Les représentants des mouvements de contestation ont également déclaré qu’ils accorderont au gouvernement deux semaines pour répondre à leurs revendications, sous peine de multiplier leurs actions.

Photo de nuit : le Monument de la Démocratie est éclairé et la foule est parsemée des lumières émises par les téléphones des manifestants. [1]

Les manifestants allument les lampes torches de leurs téléphones et éclairent le Monument de la Démocratie. Photo de Prachatai.

Le groupe étudiant Mouvement du printemps [6] s’est également joint à la manifestation, distribuant des affiches jaunes « personnes disparues » avec les photos et les noms des victimes de disparitions forcées, telles que Somchai Neelapaijit, Haji Sulong Tomina, Surachai Sae Dan, et Siam Theerawut.

La manifestation principale a investi un quart du rond-point du Monument de la Démocratie, devant McDonald’s et l’école de Satriwithaya. Le nombre de participants est passé d'environ 500 au début de la manifestation à environ 2 000. Les hashtags #เยาวชนปลดแอก (#LibérezLaJeunesse) et #respectdemocracyTH (#RespectezLaDémocratieTH) étaient en tendance sur Twitter car ils étaient utilisés pour partager des informations sur la manifestation.

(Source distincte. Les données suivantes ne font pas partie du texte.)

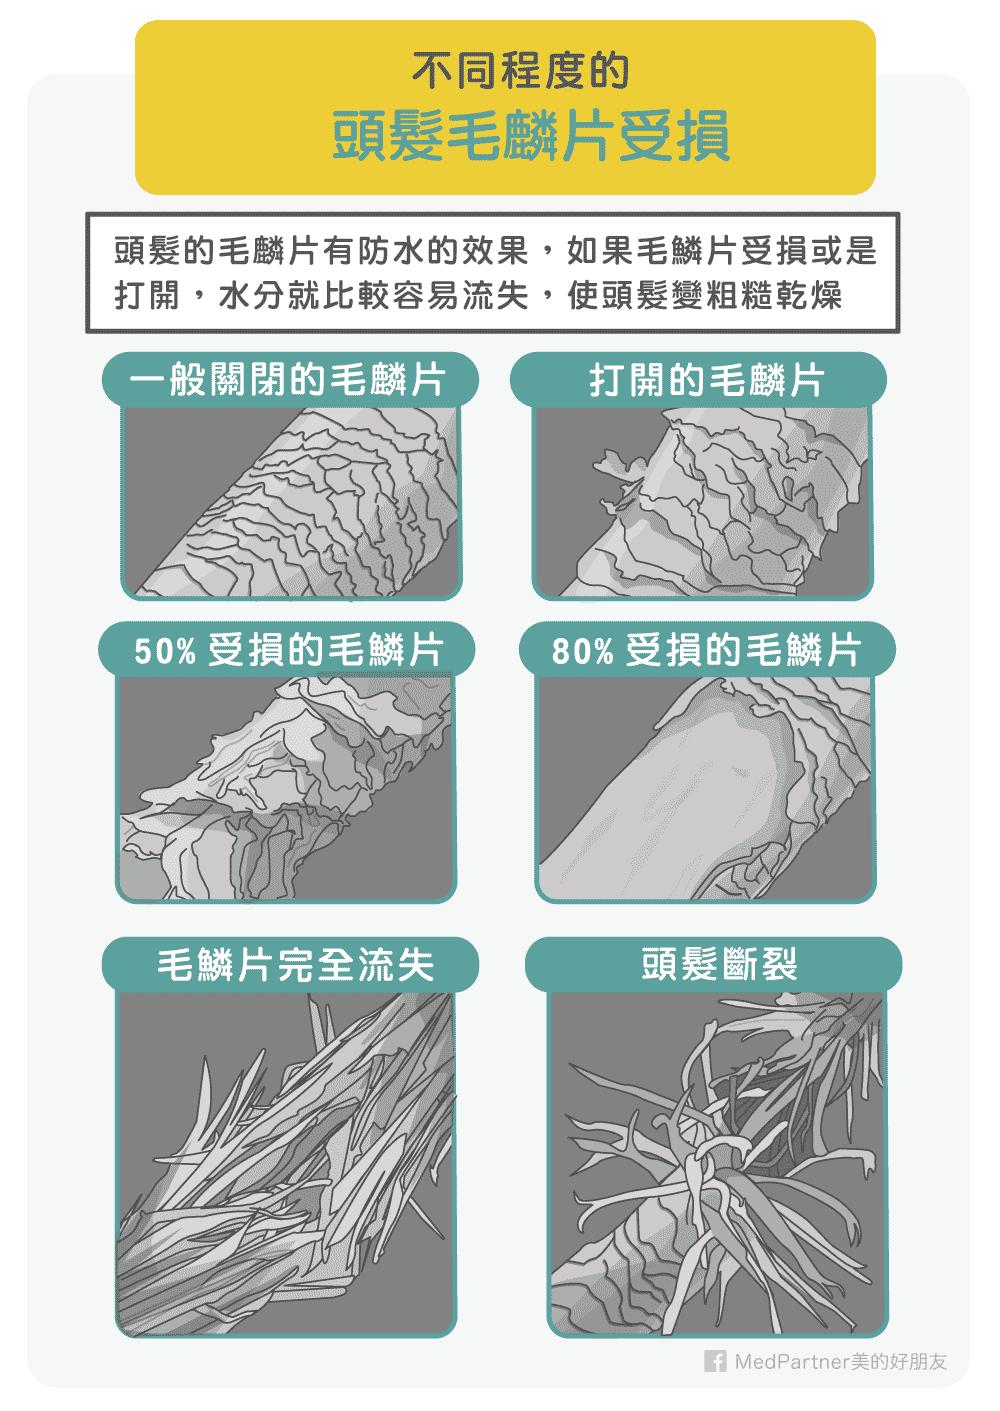 不同頭髮毛鱗片受損程度

Vers 21 h 30, deux hommes ont été vus en train de traverser la foule en courant et d’essayer de démolir la tente des organisateurs, provoquant ainsi un mouvement de foule parmi les manifestants, avant que les agents de sécurité ne puissent contrôler la situation et faire sortir les deux hommes de la zone.

Les organisateurs avaient préalablement annoncé qu’ils resteraient au Monument de la Démocratie jusque dimanche 19 juillet à 8 heures du matin. Ils ont cependant décidé de mettre fin à la manifestation à minuit pour des raisons de sécurité.

Des membres du Mouvement du printemps ont le visage caché par des affiches jaunes sur lesquelles on voit le portrait et des informations sur une personne disparue. [1]

Les affiches jaunes « personnes disparues » distribuées par des membres du Mouvement du printemps. Photo et légende par Prachatai.